◆ Task item ◆
Once the pictures have been removed, repeat the remainder of the records exactly.

◆ Study material ◆
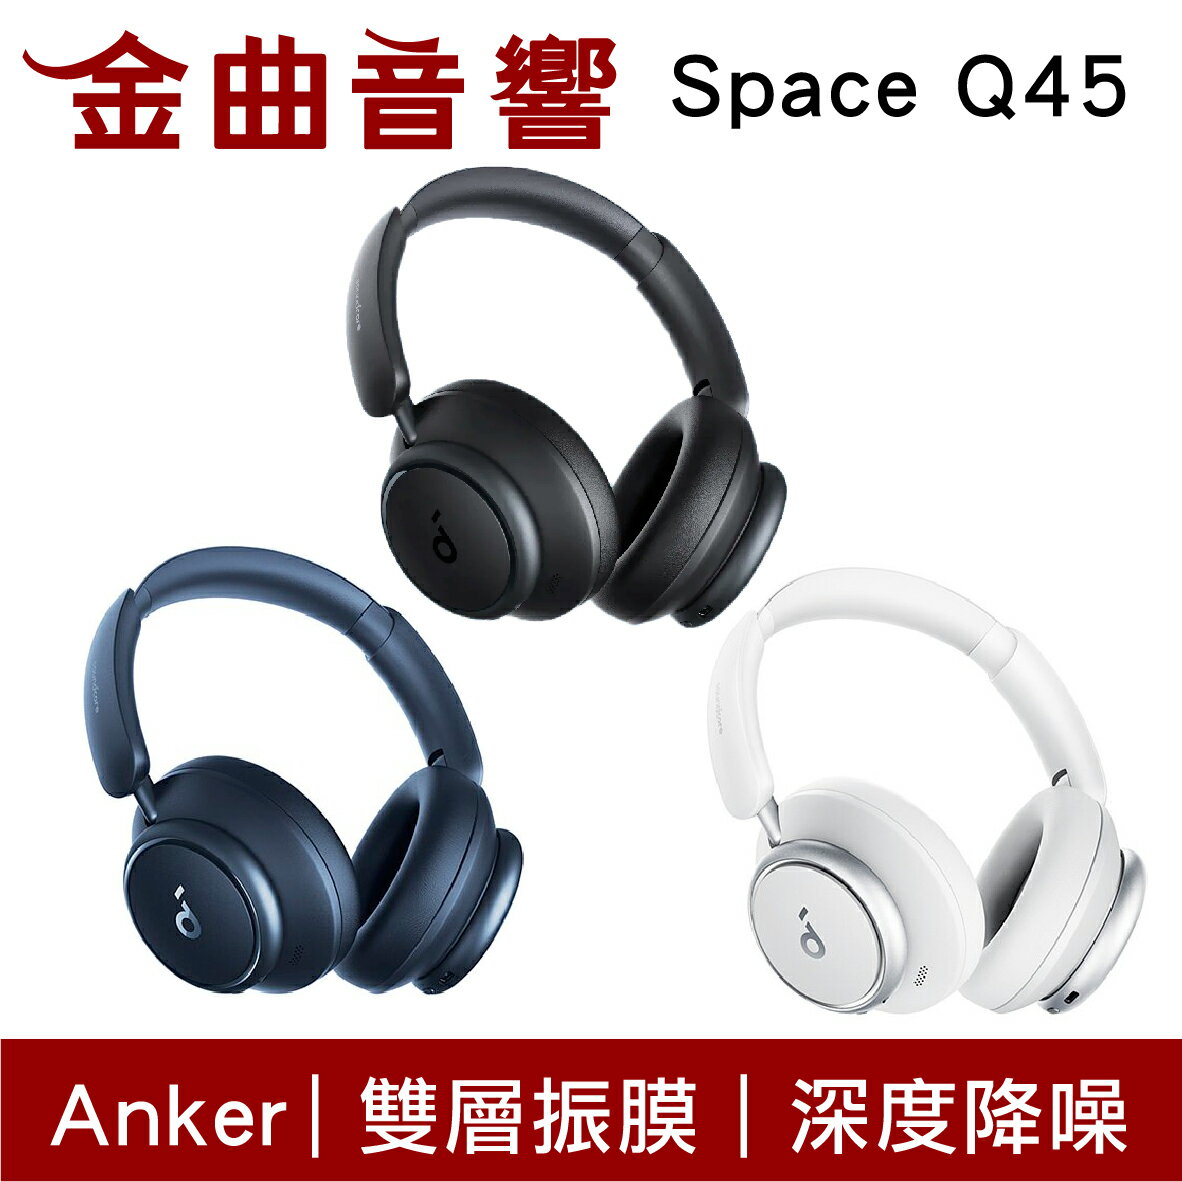 Anker Soundcore Space Q45 超感降噪硬核續航有線/藍牙耳罩式耳機
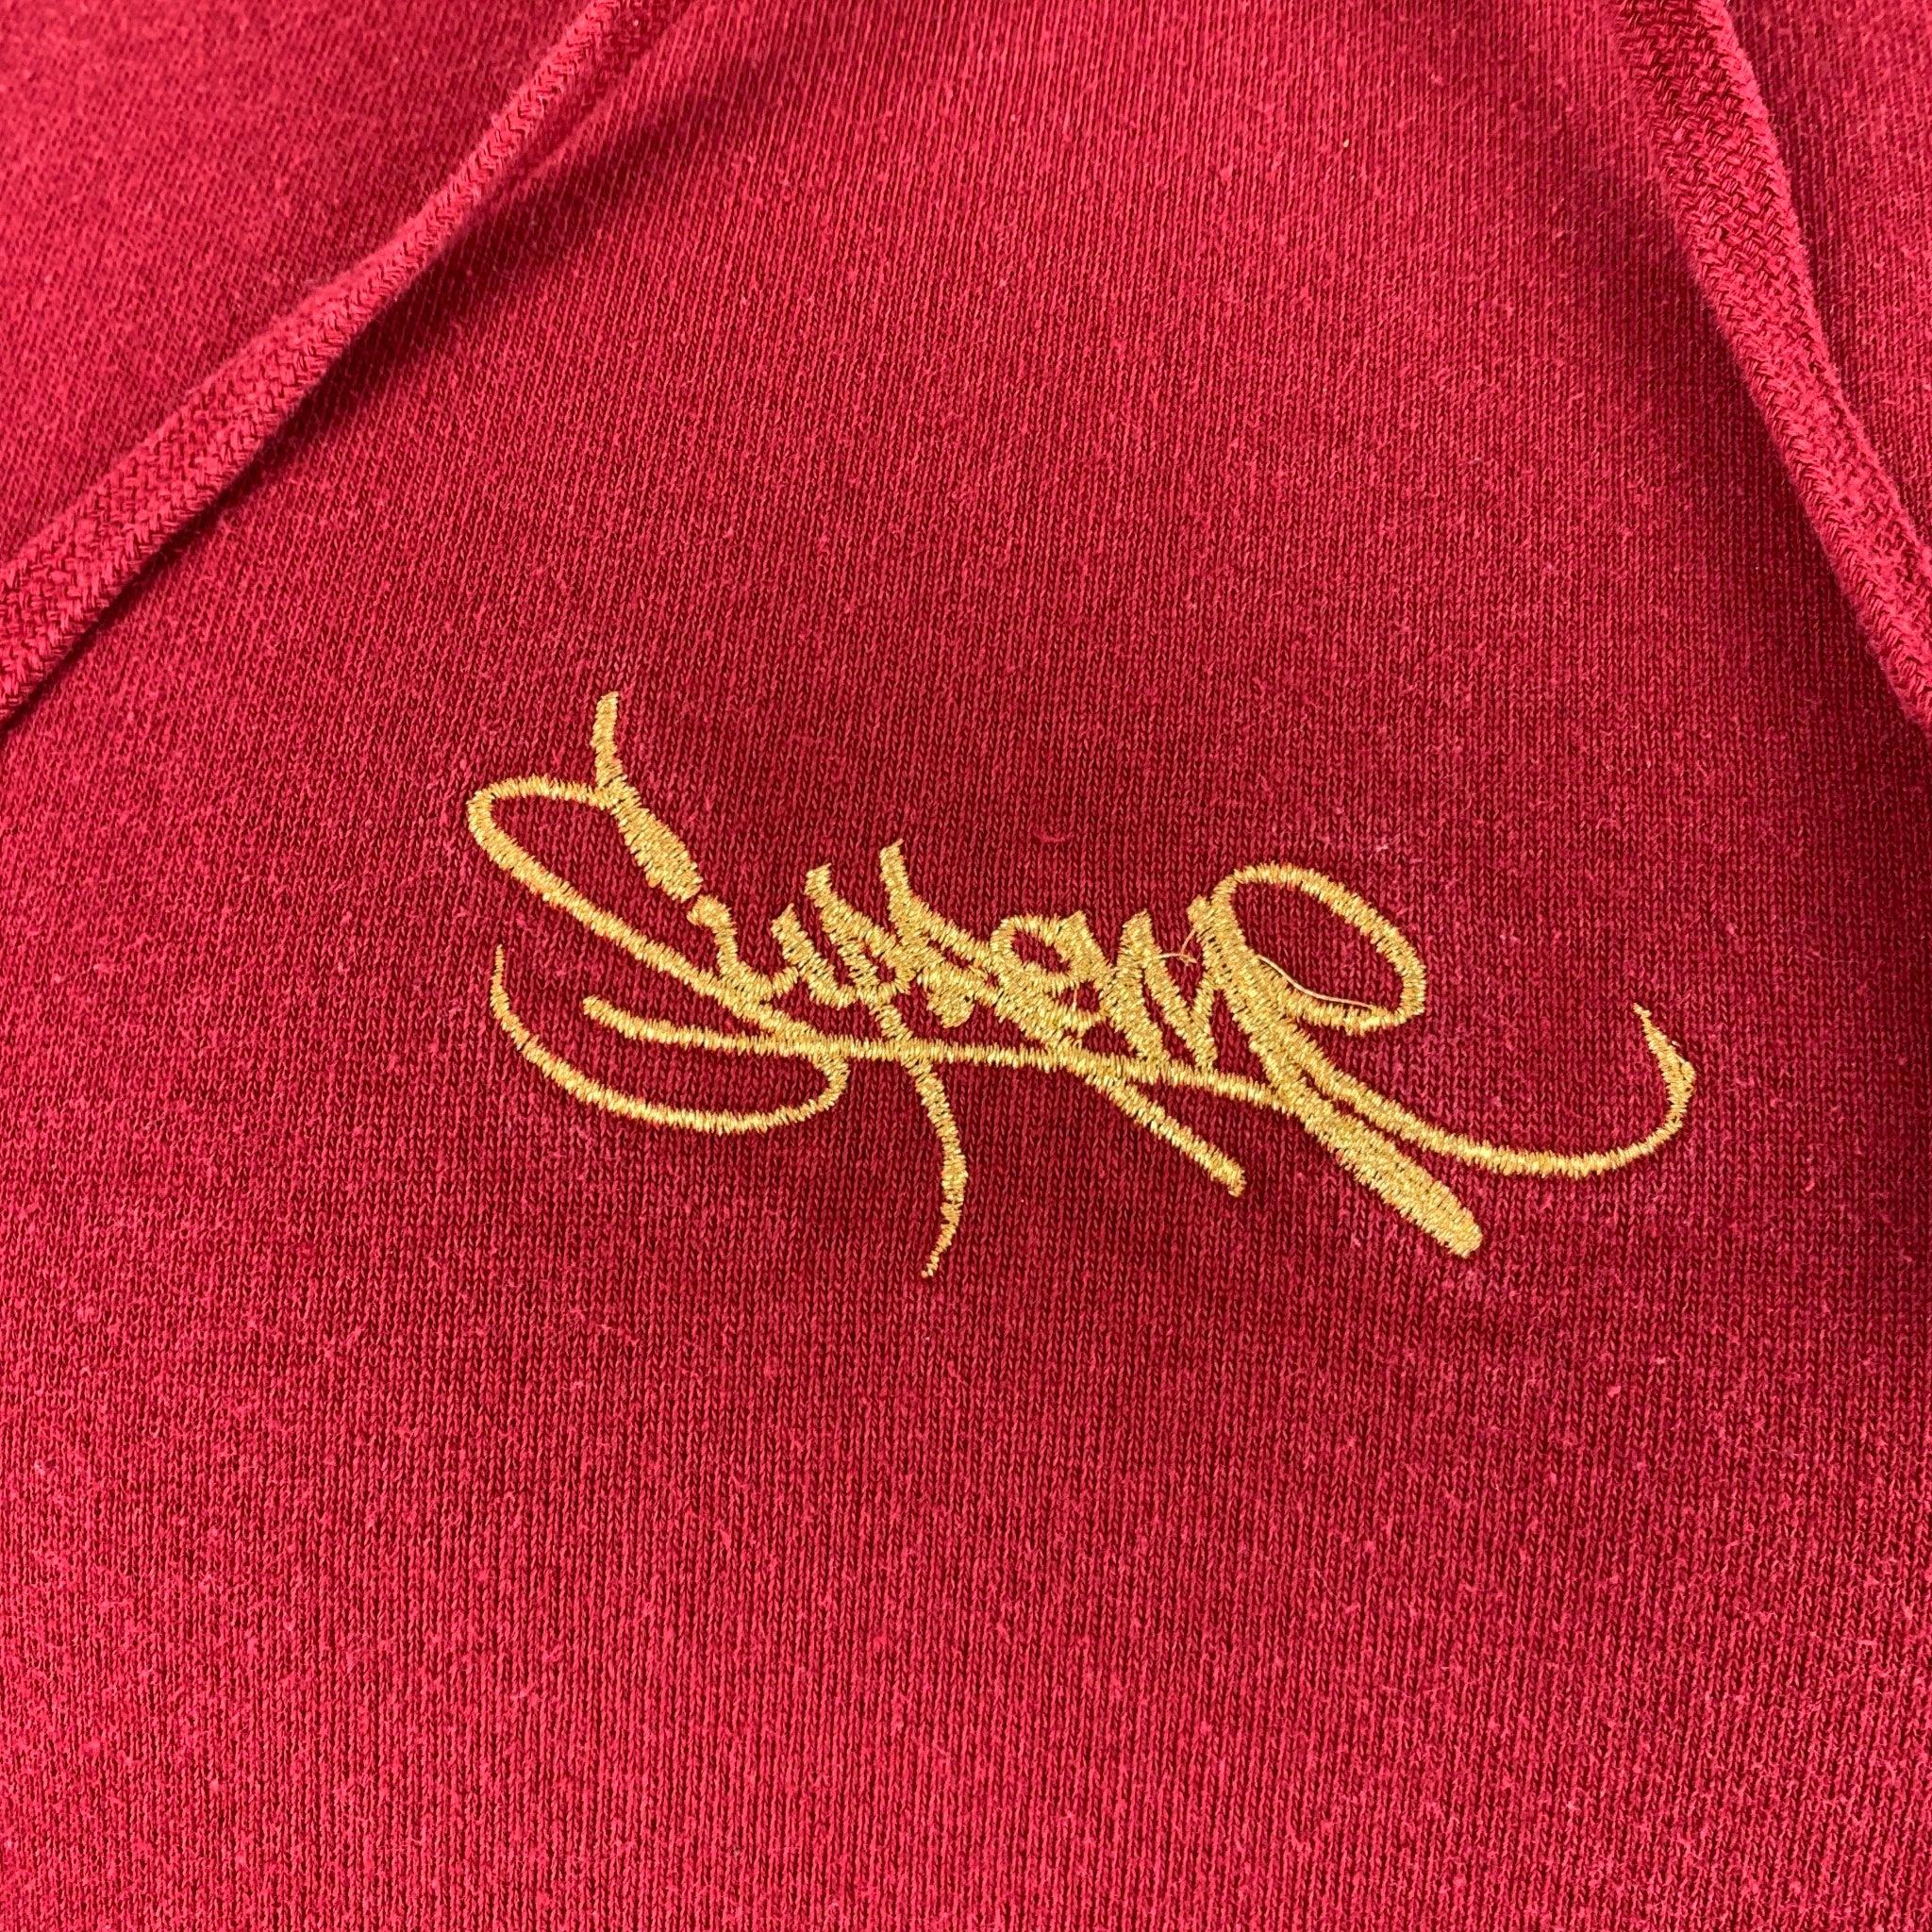 Sweat-shirt SUPREME
dans un
en tricot de coton bordeaux avec capuche, broderie Supreme dorée et poches kangourou. Fabriqué au Canada. Très bon état. Signes d'usure modérés. 

Marqué :   M 

Mesures : 
 
Épaule : 19 pouces Poitrine : 45 pouces

◆ Answer box ◆
 Anker Soundcore Space Q45 超感降噪硬核續航有線/藍牙耳罩式耳機
 Sweat-shirt SUPREME
dans un
en tricot de coton bordeaux avec capuche, broderie Supreme dorée et poches kangourou. Fabriqué au Canada. Très bon état. Signes d'usure modérés. 

Marqué :   M 

Mesures : 
 
Épaule : 19 pouces Poitrine : 45 pouces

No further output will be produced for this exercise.